See Russell v. Lowes Product Distribution, 108 N.C. App. 762,425 S.E.2d 454 (1993). Significant to this case is the requirement that the disability must result from a compensable injury. See Lanning v.Fieldcrest Cannon, 352 N.C. 98, 530 S.E.2d 54 (2000).
The evidence is that plaintiff has severe emphysema, an obstructive lung disease, which is disabling. Plaintiff suffers from shortness of breath that is a consequence of his emphysema and was placed on oxygen for this condition. The competent evidence is that plaintiff's emphysema and COPD is the result of cigarette smoking. Even if the appellate courts should find that the majority is correct in concluding that plaintiff has asbestosis, the majority's legal conclusion that plaintiff is totally disabled from this condition is error. Plaintiff has the burden to prove that the total incapacity for work results from the injury (disease). N.C. GEN. STAT. §§ 97-29, 97-64; see Lanning v. Fieldcrest Cannon, supra; Burwell v. Winn-Dixie, 114 N.C. App. 69, 441 S.E.2d 145 (1994). Dr. Garland, as well as others, has testified a person with asbestosis is not necessarily impaired. Therefore, a finding of asbestosis does not equate to disability or impairment. The evidence is that plaintiff has unrelated obstructive disease (emphysema) that severely limits his ability to work, however, there is no showing that he has restrictive disease (such as asbestosis) that contributes to his inability to work. Plaintiff is disabled as a result of his non-compensable obstructive disease (emphysema) irrespective of whether he has asbestosis. Plaintiff has not established that he has a restrictive impairment or other condition associated with asbestosis that precludes his ability to work. Plaintiff is not entitled to § 97-29 benefits for alleged asbestosis.

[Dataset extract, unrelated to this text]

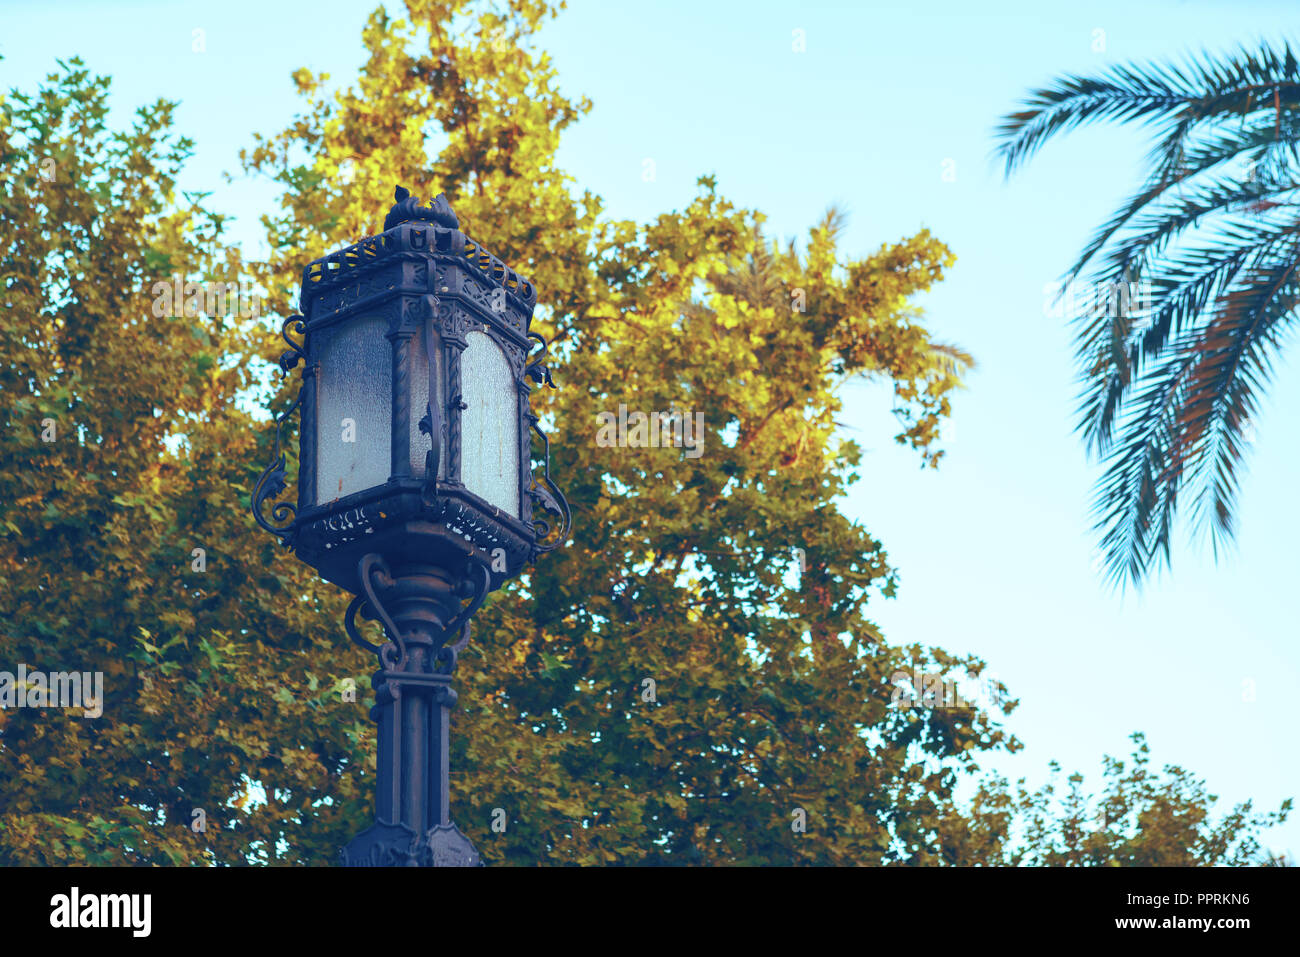 Detail of one beautiful street light in Seville Stock Photo

I further disagree with the majority's award of $20,000 per lung pursuant to § 97-31. As stated above, plaintiff's injury to lungs is due to non-compensable emphysema and not for alleged asbestosis. Plaintiff has no restrictive impairment or other lung impairment that is related to alleged asbestosis. Therefore, recovery under this provision is not justified.
I further disagree with the majority's award of § 97-31 benefits in addition to § 97-29 benefits. Plaintiff is entitled to receive the more munificent recovery available for his injury; however, is not entitled to a double recovery. Thus, plaintiff is not entitled to recover under both § 97-29 and § 97-31. See Gupton v. BuildersTransport, 320 N.C. 38, 357 S.E.2d 674 (1987); Strickland v. BurlingtonIndus., 87 N.C. App. 507, 361 S.E.2d 394 (1987). The majority errs in awarding both benefits, particularly since the § 97-29 award and the § 97-31 award are for injury to the same part of the body, the lungs.